La gente que usa buscador lo notifica antes y expone la duda, otros simplemente llegan, se registran y preguntan, que es lo más fácil, que nos sirvan la información en bandeja de plata.

----------


## mayico

No, mnlmato, tampoco es eso, aunque si es cierto que hay gente así.
He intentado utilizar el buscador varias veces y... me ha costado encontrar lo que busco aún sabiendo que eso se ha hablado en el foro, y al final he desistido en la búsqueda.

----------


## M.David

A mí alguna vez también me ha pasado lo mismo, recordar algo interesante que se ha tratado, y no encontrarlo por el foro...

De todas formas con la opción de "búsqueda avanzada" se puede encontrar casi todo.

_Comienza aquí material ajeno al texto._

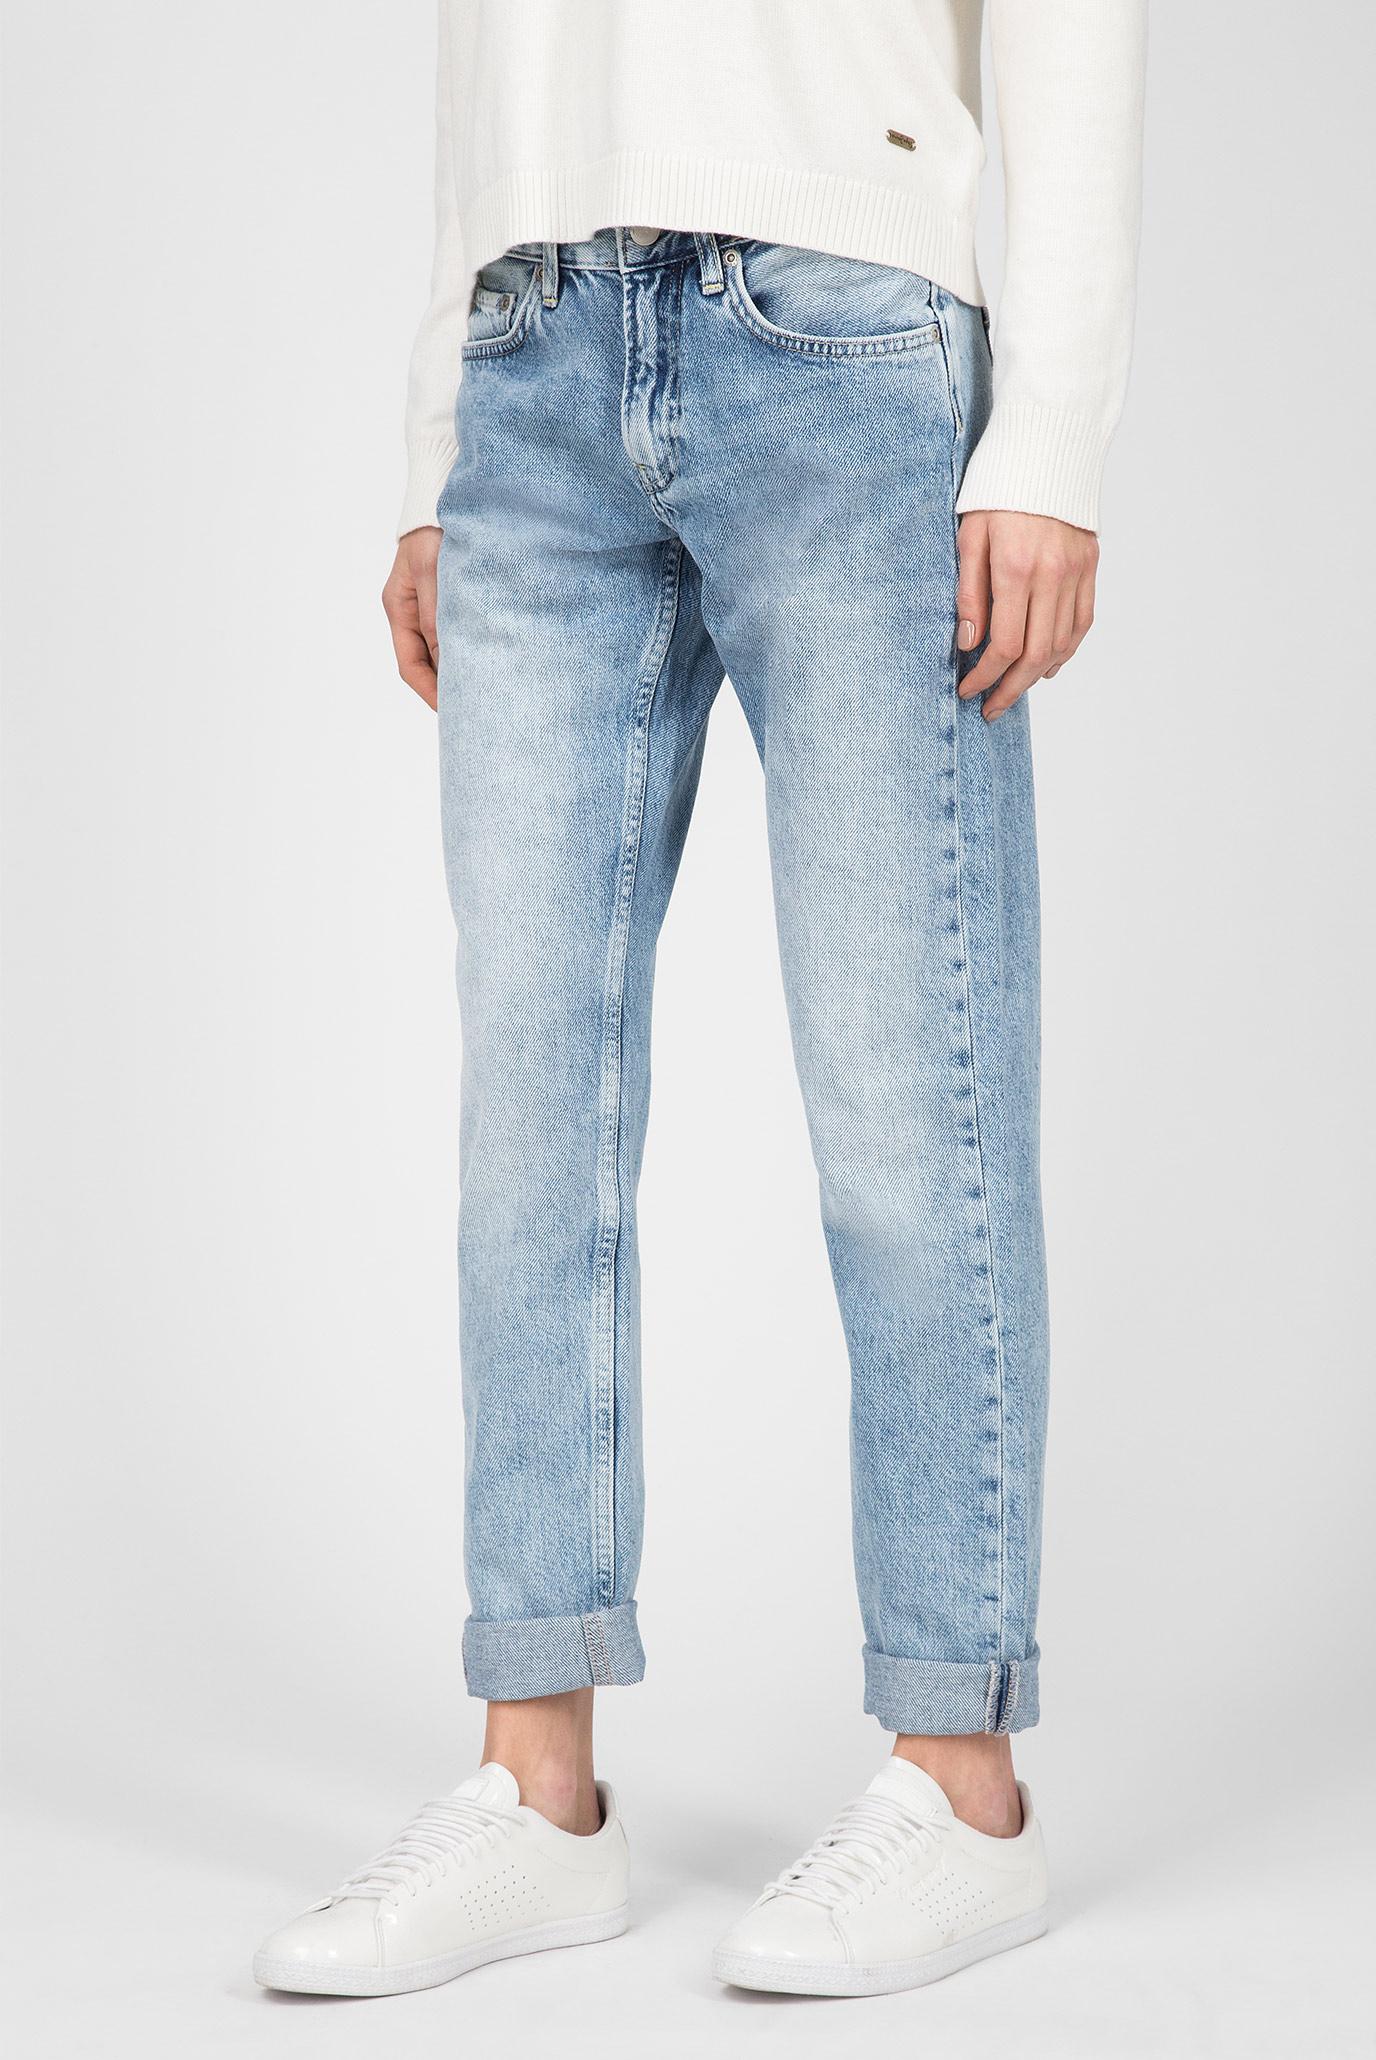 Купить Женские голубые джинсы Mable Pepe Jeans Pepe Jeans PL203156MD00 – Киев, Украина. Цены в интернет магазине MD Fashion

Lo de las etiquetas... no lo hago nunca. Se que debería pero se me olvida por completo.

----------


## Pulgas

He movido el tema al subforo de sugerencias, porque en cambalache se perderá muy pronto, y considero que es lo suficientemente interesante como para que reflexionemos.
Es cierto que mucha gente se acomoda y pregunta sin mirar si el tema se ha tratado ya o no (es muy frecuente entre los nuevos, que aún dominan poco el foro, y más frecuente todavía entre los vagos que pretenden que se le dé todo hecho).
También es cierto que se tarda en familiarizarse con el sistema de búsquedas: la búsqueda avanzada es más rápida y precisa, pero mucha gente no la ha probado nunca.
Lo cierto es que éste es el sistema que nos ofrece la plataforma que alberga el foro y técnicamente no se puede cambiar, así que sólo nos queda esperar que la gente se conciencie y que, en la medida de lo posible, se etiqueten los temas (entono el mea culpa: no lo hago nunca, aunque ahora me propongo empezar a hacerlo).

----------


## Sr.Mago

Bueno, yo llevo un buen tiempo ya en el foro, pero no posteo mucho a pesar de entrar todos los dias por que me voy de cabeza al buscador y suelo encontrar ahi lo que ando buscando, sino pregunto, pero como digo la (gran) mayoria de las veces encuentro lo que ando buscando gracias al buscador, claro, tiene su trabajo, pero me ha tocado que buscando un tema concreto llego a otra cosa diferente, igual interesante, asi que no me quejo... 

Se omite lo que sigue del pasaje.